If you give like the widow did, what you’re doing is you’re sowing a trust in God; you’re sowing a relationship with God of friendship, of love, of hope. And you believe that God would not only provide to you what you need to survive, but also will multiply your gift and will do amazing things with this gift. How do you give to God?

It’s worth noting that the church in Greece, and the church in Corinth, is not going to get anything back monetarily from this offering. The money that is being offered here that goes to Paul that is being taken to Jerusalem; it is being taken away, it is leaving Corinth, it is leaving Greece. It would be as if we were taking up a collection for the church in Puerto Rico, and then it goes away and it’s gone.

But of course they do get a blessing. Because they’re part of the church, and the Saints in Jerusalem are part of the church. And the apostles can continue to do their work and they get a blessing. And when the Church gets a blessing, then the whole church is blessed as one body. That is a blessing to them even in Corinth, even if it’s never reciprocated. The reason is they are on the same team.

And even if they couldn’t see that, they receive a blessing from simply giving cheerfully because God can work with them and they begin to view the world differently. By willfully giving up something that they had material things become less important; and study, after study, after study shows that when material things are less important your happiness goes up; when you have less you’re actually happier. That’s crazy, but it’s true.
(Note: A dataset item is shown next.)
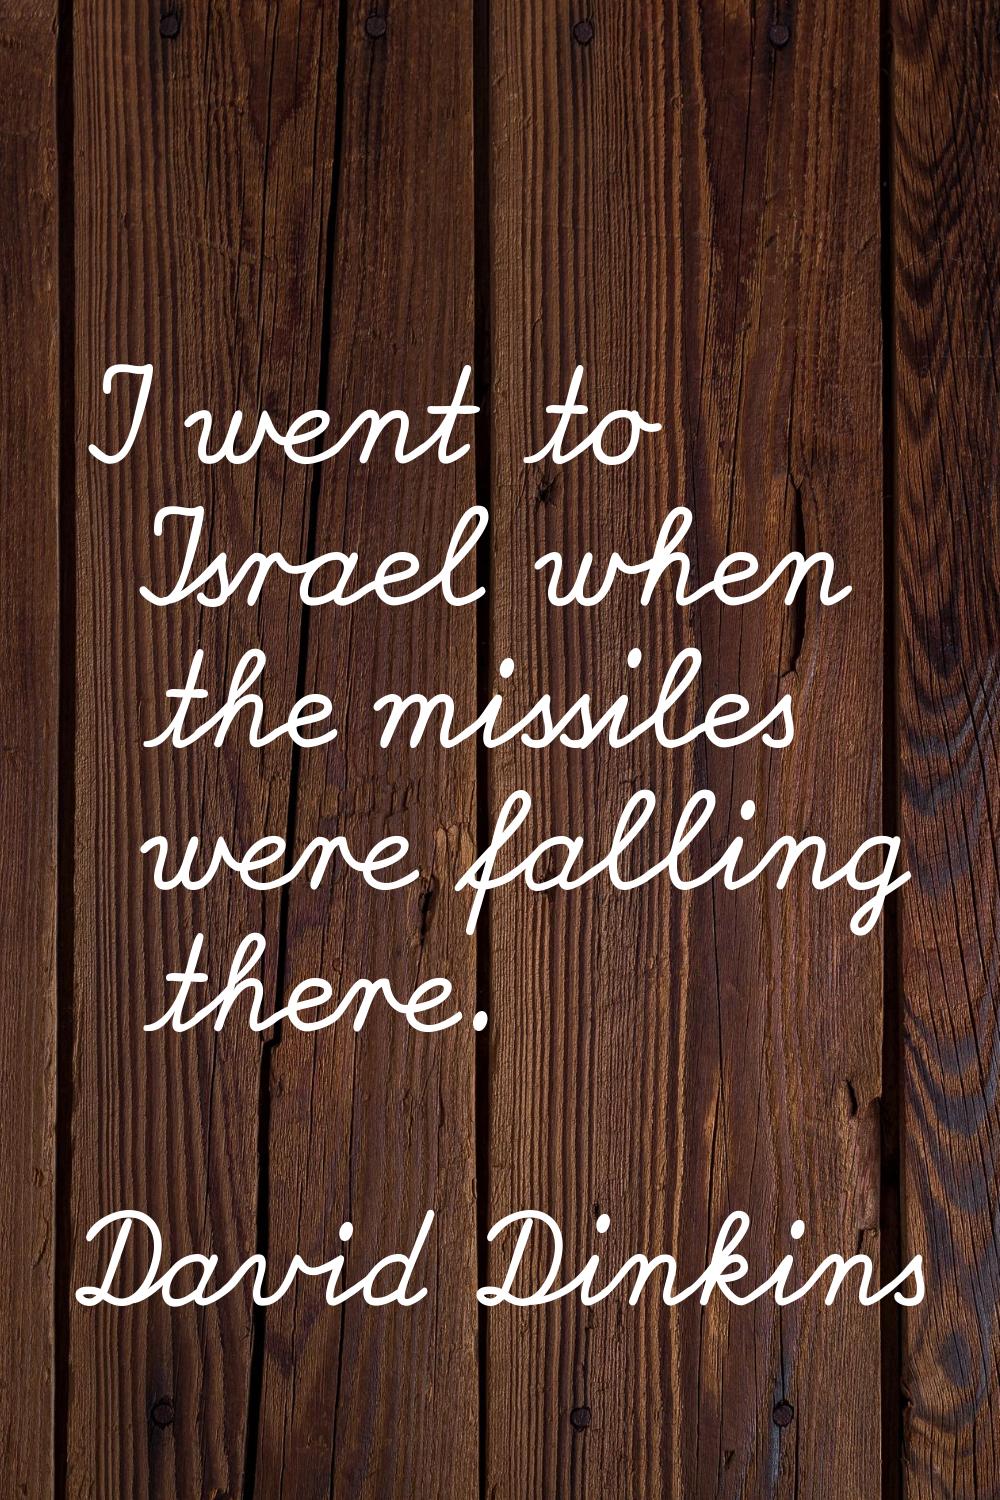 I went to Israel when the missiles were falling there.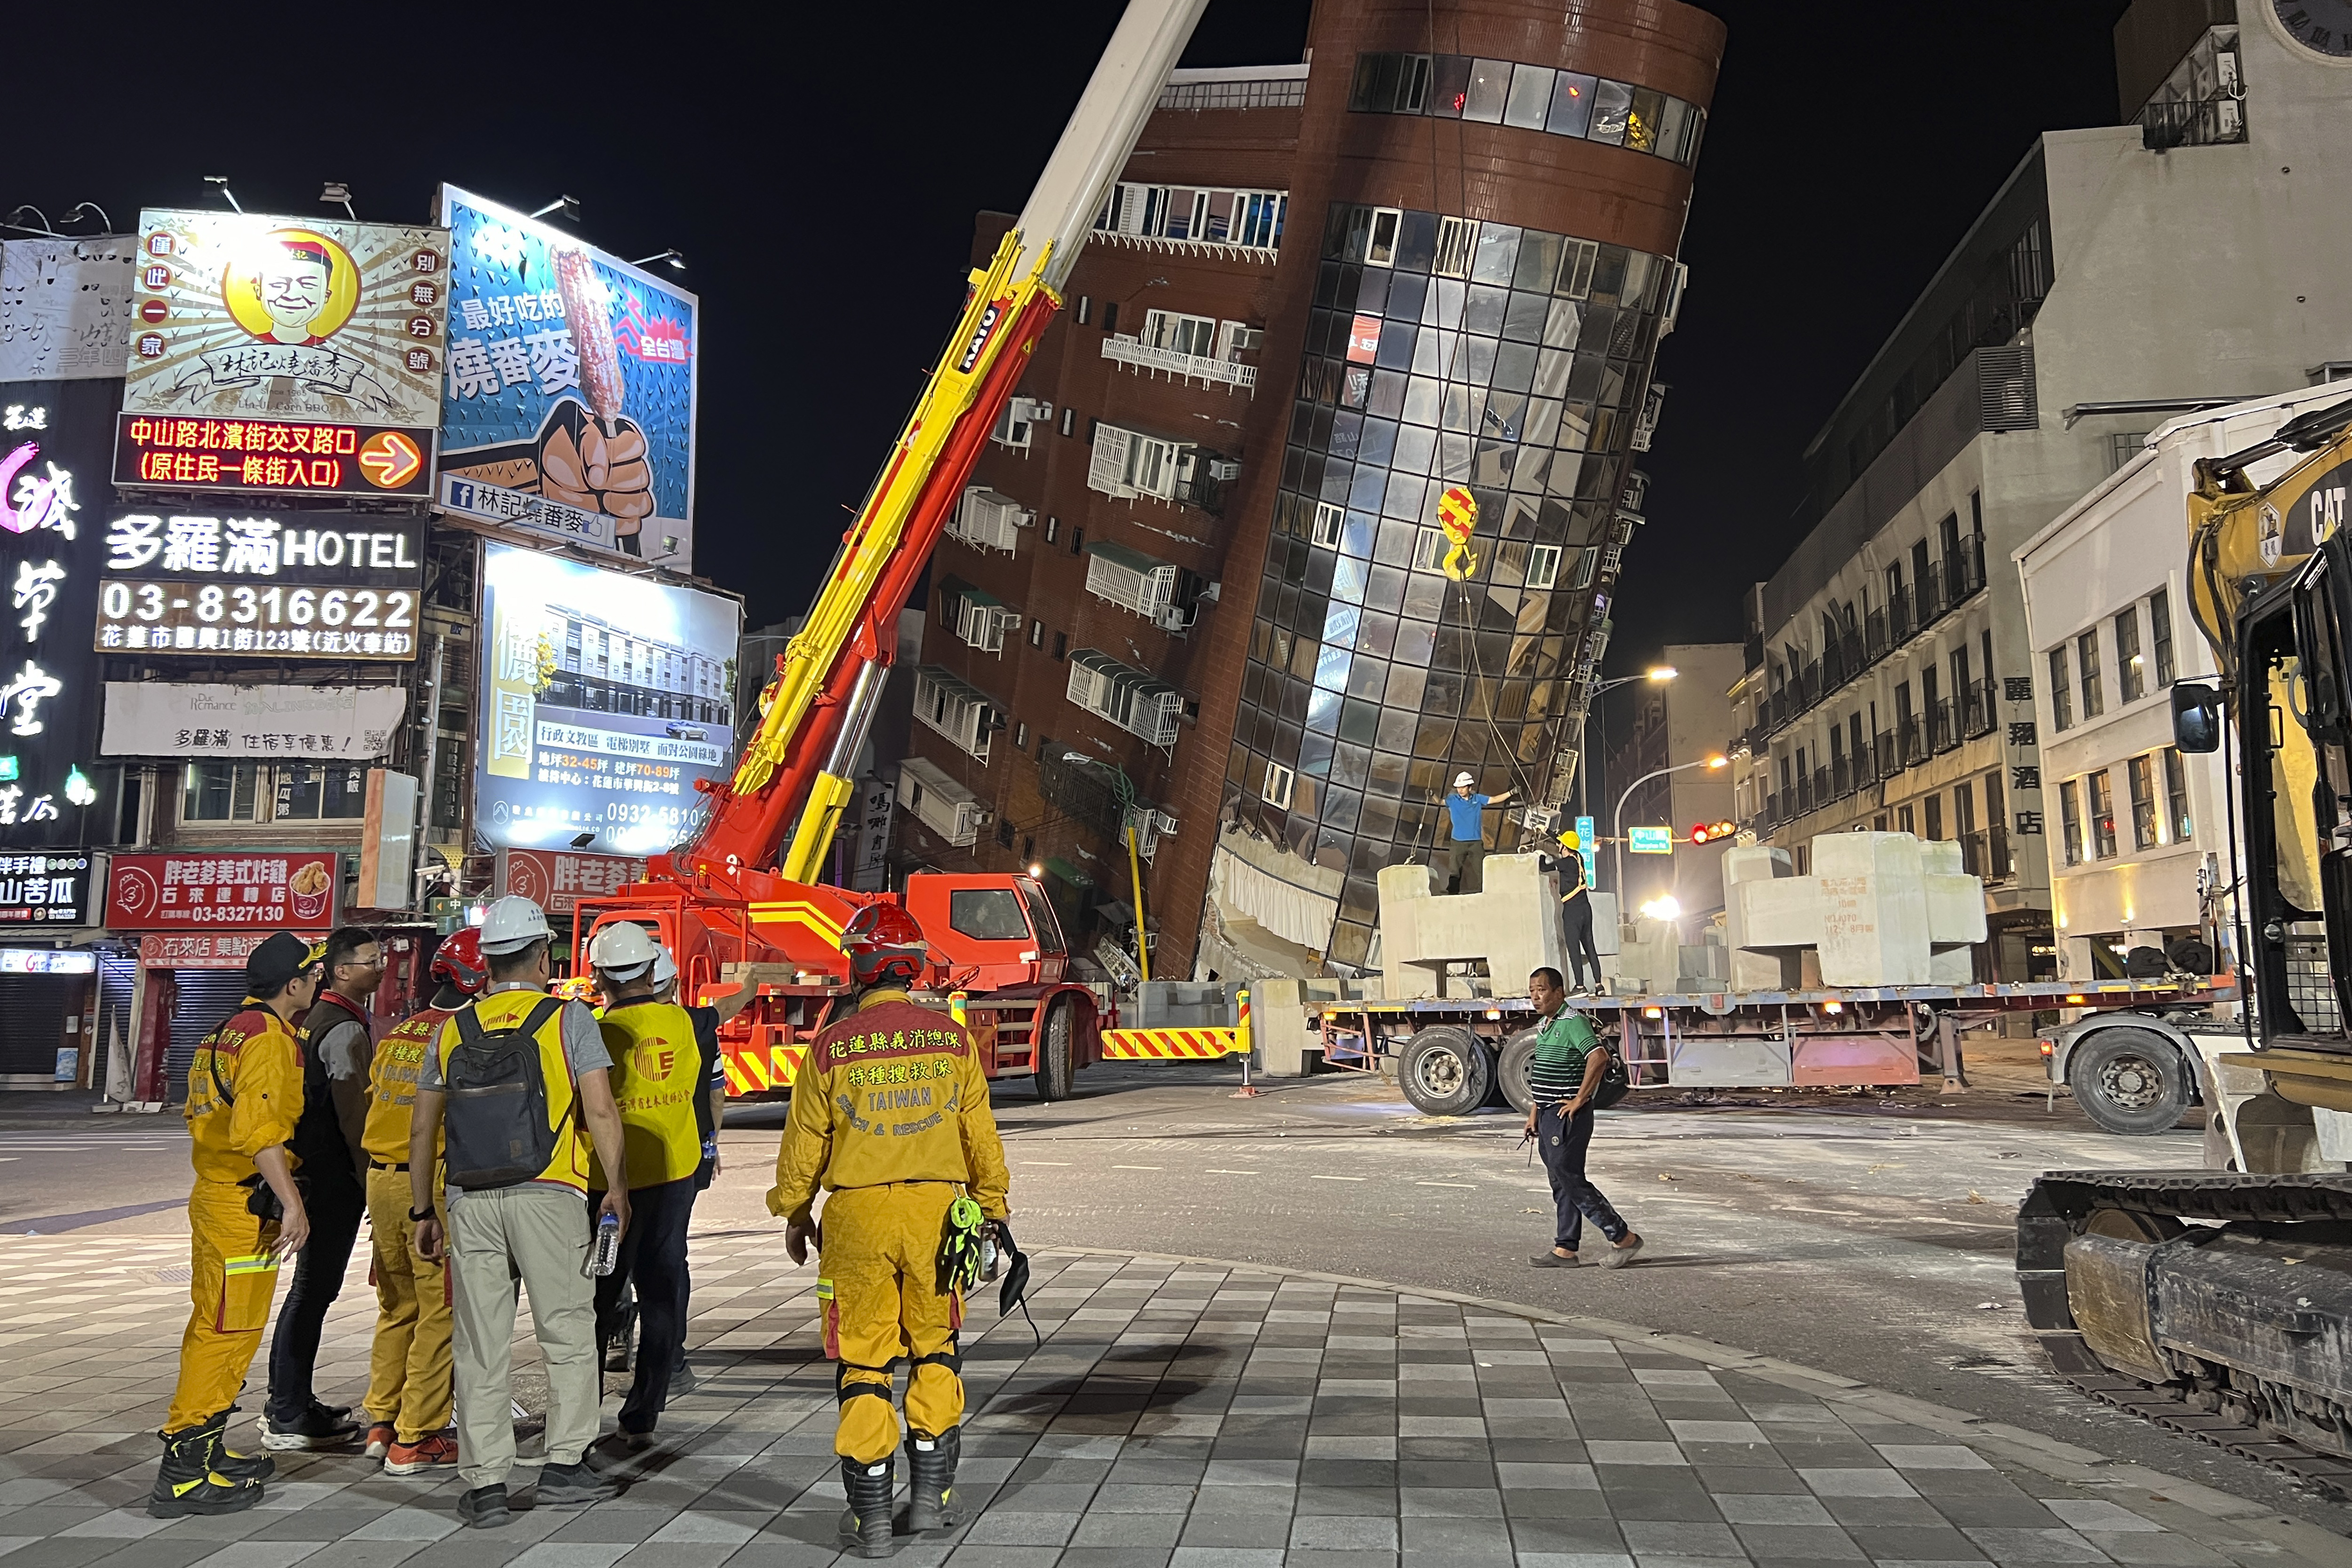 Rescue workers stand near the site of a leaning building in the aftermath of an earthquake in Hualien, Taiwan, on April 3.

When I hear of a story that talks about giving cheerfully, and the things that can come from giving cheerfully, or more importantly the things that can come when you’re not giving cheerfully; I’m always reminded of the story of Cain and Abel. This is the story of the first offering to God. When we read the story of Cain and Abel we often focus on the end of the story, but in reality it is the story of offering. Cain is a herdsman, Abel is a farmer; and each of them come to God with an offering. And Abel has taken the best ears of corn, and the best grain, and he has come to offer that to God; the top 10%. Cain, though, has come with what’s left, the parts of the animal that he wasn’t wanting to eat, and he’s going to offer that to God. “I mean it’s burnt anyway, what does God care right?” Cain wasn’t cheerful in coming to God, and it showed in what he was willing to offer to God. Cain came with the leftovers, with whatever was left at the end.

Many of us give that way to the church. I’ve been guilty of it before, too, so I’m far from judging. But what was in Cain’s heart showed with that offering. But it also showed with his reaction when God didn’t approve of the offering. You don’t kill your brother on a spur the moment decision, you have been building up anger and resentment for a while for that. When God didn’t accept his offering, he felt wronged somehow and immediately blamed anyone but himself, with murderous consequences.

Let me ask you something: is giving to the church, whether you are tithing or whether you’re giving less than tithe, is that first or last on your budget sheet? Are you giving the top, the first fruits or are you giving leftovers?  And sometimes, of course, it’s written for us at the top our budget sheet, but it’s also the last check we write or if things look like they’re starting to get tight this month it is the first check we decide doesn’t need to be written.

My hope that it’s the first check you write. Whatever it is you decide in your budget that you’re going to be giving, that’s the first check that goes out, and it’s the last thing you’re not paying. And this is because you’re cheerfully giving to the Lord, because the Lord’s going to work miracles with whatever it is you’re giving. How are you giving? My hope and my prayer is that you can begin to give, or continue to give, with cheerful hearts, showing a bountiful, loving, and friendly relationship with God that will reap the joys of heaven. Amen.